Once the animals are born, Slifka also offers a diet to support their growth into adulthood. The three lions born in 2020 and the three Sumatran tigers born last year, for example, still require specialized diets to support their development.

“[The lions] grow very fast, so they get more than adults because they grow like a teenager,” she said. “The same with our little tigers; they grow like crazy and eat a lot.

“It’s personal for us”

The zoo’s kitchen is like a restaurant in many ways. The zoo orders produce and meat from many of the same suppliers, follows the same health and safety guidelines, and faces many of the same challenges.

During the pandemic, one of the team’s biggest struggles has been dealing with supply chain issues like those shoppers likely noticed at the grocery store. Food at the zoo is ordered months in advance, but roadblocks still occur.

Slifka said part of the job is to come up with multiple contingency plans in case a food or ingredient can’t be delivered.

After the birth of Sumini, the first baby tiger born at the Dallas Zoo since 1948, her...
After the birth of Sumini, the first baby tiger born at the Dallas Zoo since 1948, her mother struggled to produce milk, but the zoo’s nutrition team was prepared with a formula that replicated her mother’s milk. (Dallas Zoo)

“We try to anticipate what it might be and make sure we have their product,” she said. “There were a few hiccups.
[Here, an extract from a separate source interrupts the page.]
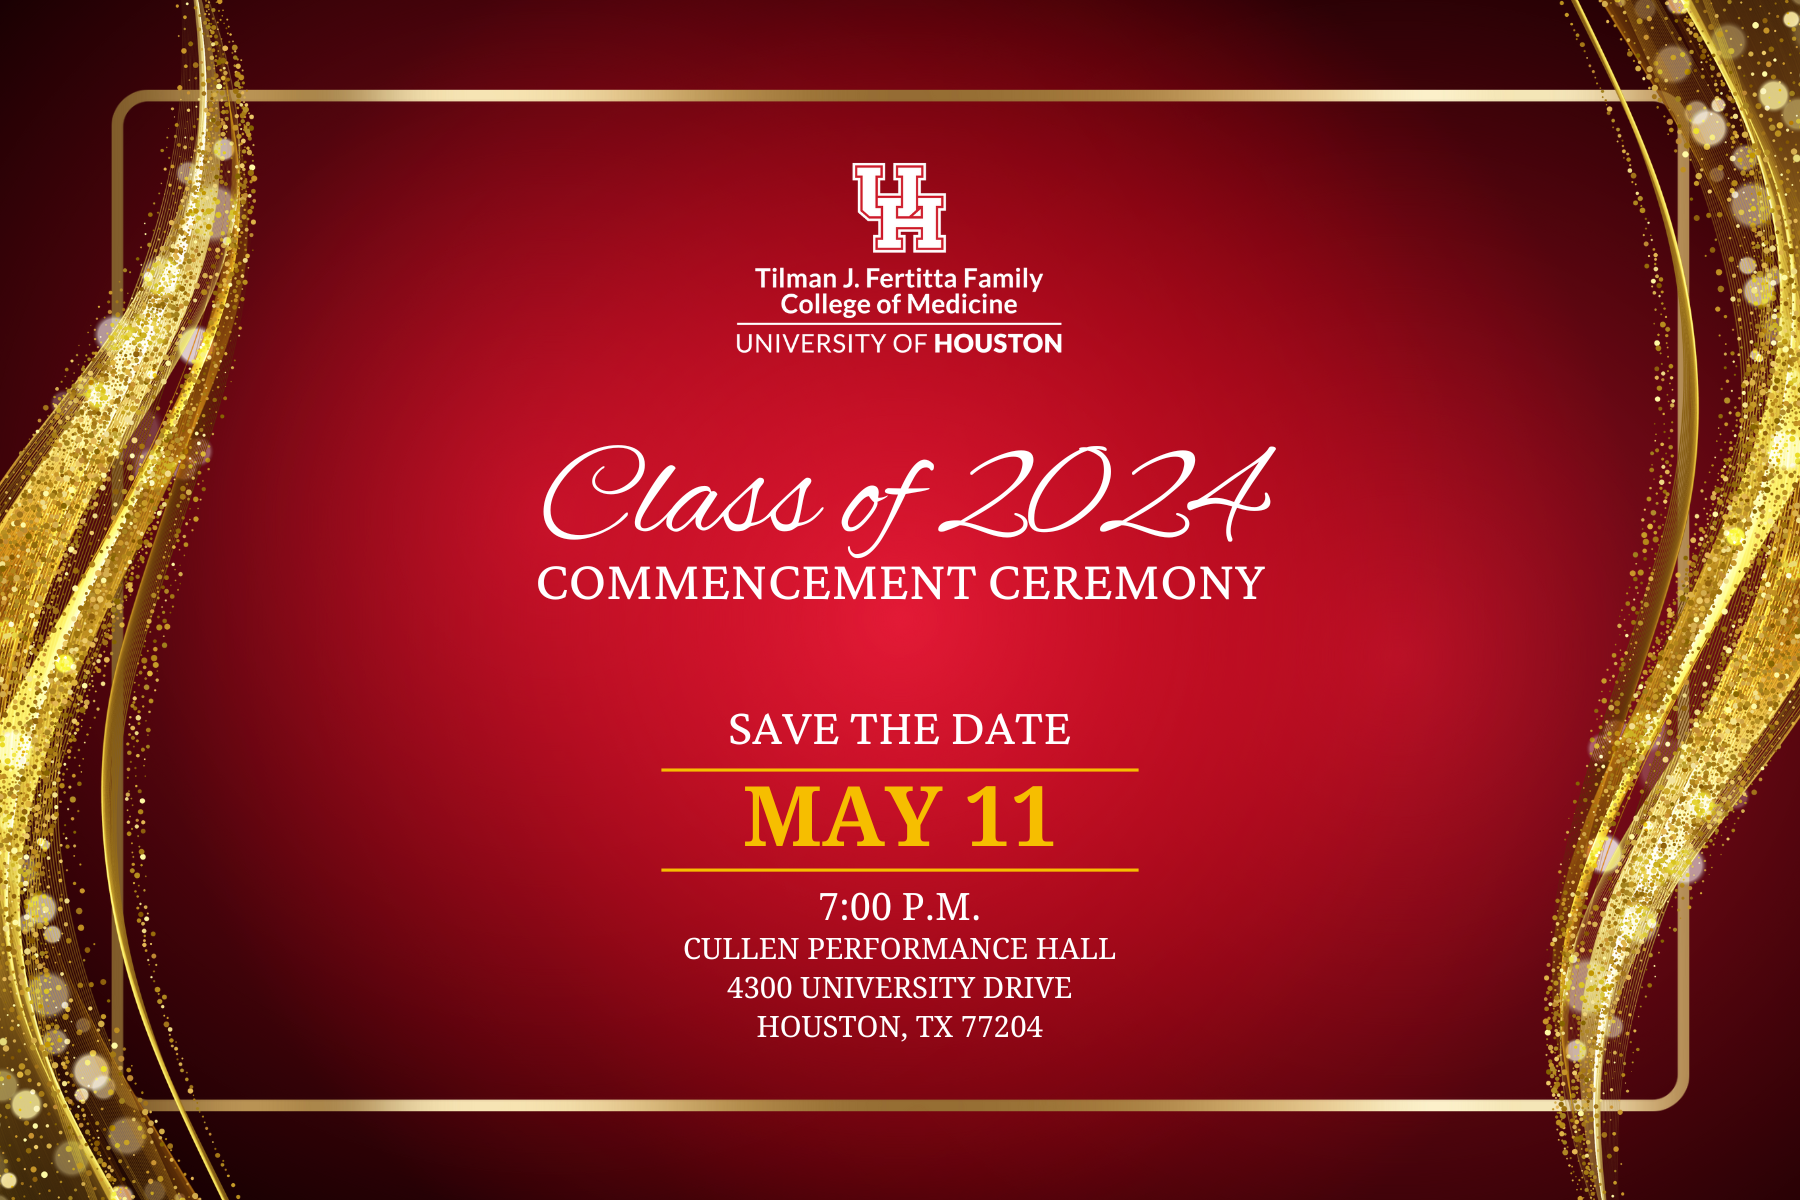 Class of 2024 Commencement Ceremony May 11, 2024 at 7 P.M. in the Cullen Peformance Hall 4300 University Drive, Houston, TX 77204

There are a few products that for some strange reason can’t get the raw materials needed to make the boxes for one of our primate diets, so it’s hard to get them. So we have to find a substitute or make cuts.

For many team members, being part of every animal’s day is what makes the job rewarding.

“I like my food to look good to them, so it looks tasty to them,” said Marshall Keaton, 67, who has worked on the zoo’s nutrition team for 31 years, as he prepared a crate of lettuce for one person. troops of zoo gorillas.

“It’s something you did for them,” Keaton said. “You see things on TV that they do at the zoo, and you see food that they eat. It makes me feel good to know that they are eating something that I prepared.

Once each meal is portioned, staff vacuum seal it into a bag and write each animal’s name on the packaging.

“We like to put the names on it, because it’s personal to us,” Slifka said. “We literally pack lunch for the whole park.”

Senior zoologist Stephanie Dosch performs a nasal swab on Manis the tiger at the Dallas Zoo.